For 45 years, Bob Carter’s Actor’s Workshop and Repertory Company (Actor’s Rep) has been a haven for actors, comedians and amateurs trying out the stage for the first time. Today, the beloved theater company is fighting to continue its legacy of fostering new talent after being ousted from its longtime home on Dixie Highway in downtown West Palm Beach. The theater community is banding together to launch fundraising efforts to give much-needed fi- nancial support to Actors’ Rep, a place they say has a legacy that has endured for generations.

When Actor’s Rep opened in 1980, it immediately established itself as an outlier in the South Florida theater world. “Our first play was ‘A Perfect Relationship,’” recalls Bob Carter, the founder of Actor’s Rep. The play was a comedy about two men living together in the heat of the gay liberation movement in 1980-era New York City. “On opening night, there were times in the play where there were some lines and I thought, okay, this is where the audience is going to get up and walk out,” says Carter. Instead, the laughter was so loud that the actors had to wait to deliver their lines. The play was a hit and Actor’s Rep soon became a darling of theater critics.

Originally from Lake Worth, Carter left home at 19 to pursue an acting career in New York City. He toured in many Broadway shows and was a working actor in New York City until 1972, when his father was diagnosed with prostate cancer, and he returned home to help care for him.

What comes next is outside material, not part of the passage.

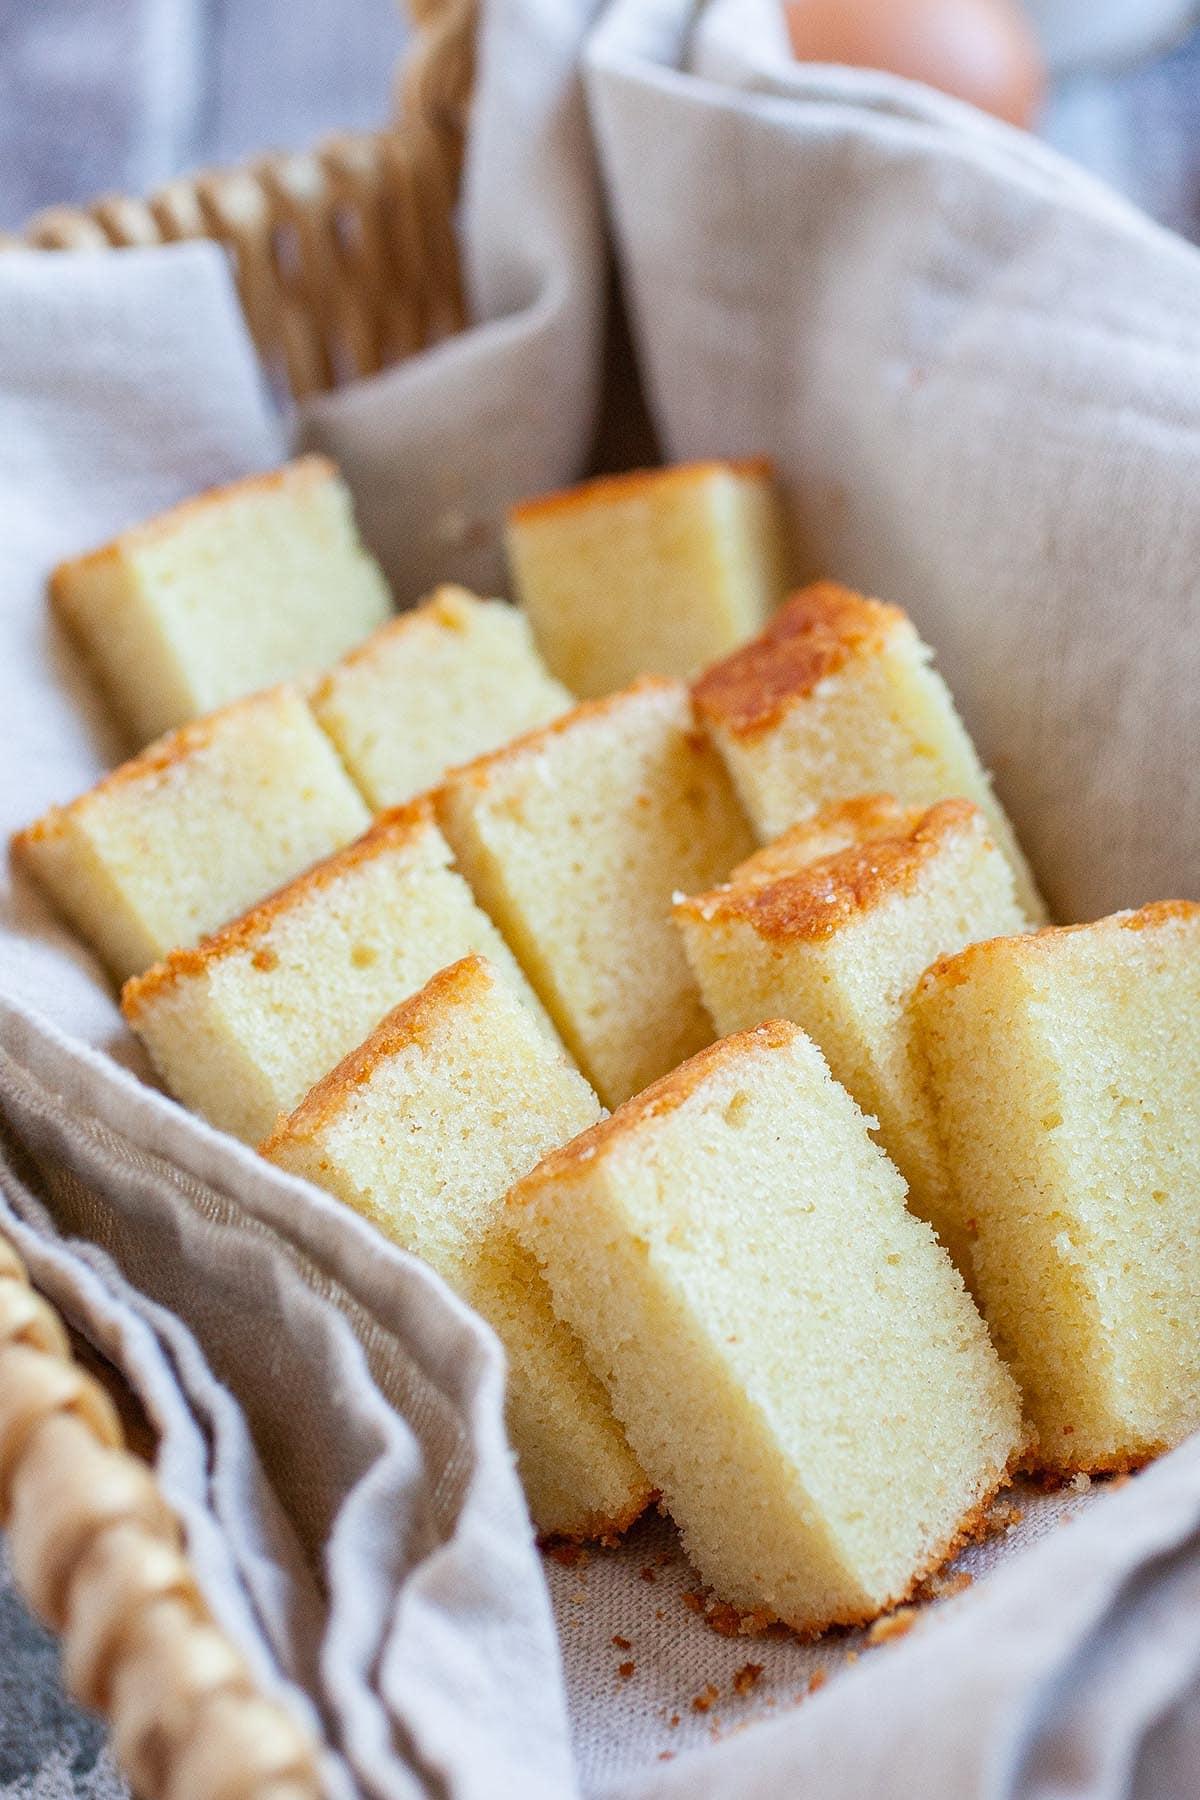 La meilleure recette de gâteau au beurre à partir de zéro, à base de beurre, d'œufs, de farine, de lait et de sucre.

He opened a record store in Lake Park and served on the board of directors for the Lake Worth Playhouse before opening Actor’s Rep in 1980.

Carter’s experience in the New York City theater world allowed him to see the opportunity to bring more progressive plays to South Florida. “At the time, a lot of good playwrights like Lanford Wilson and Doric Wilson were writing great plays that could be seen in New York, but no one in the south would touch them,” says Carter. “What we needed in Florida was a theater that would do any play as long as it had merit and had something socially to say.”

Over the years, Actor’s Rep has become known for its avant-garde plays and rarely performed classics, often featuring subjects too risky for other, more mainstream theaters. The theater’s most recent play, ‘A Song for Coretta,’ ran for five performances in February. A tribute to Coretta Scott King, the play tells the story of five Black women from diverse backgrounds waiting outside the Ebenezer Baptist Church with mourners to pay their final respects to the late civil rights activist.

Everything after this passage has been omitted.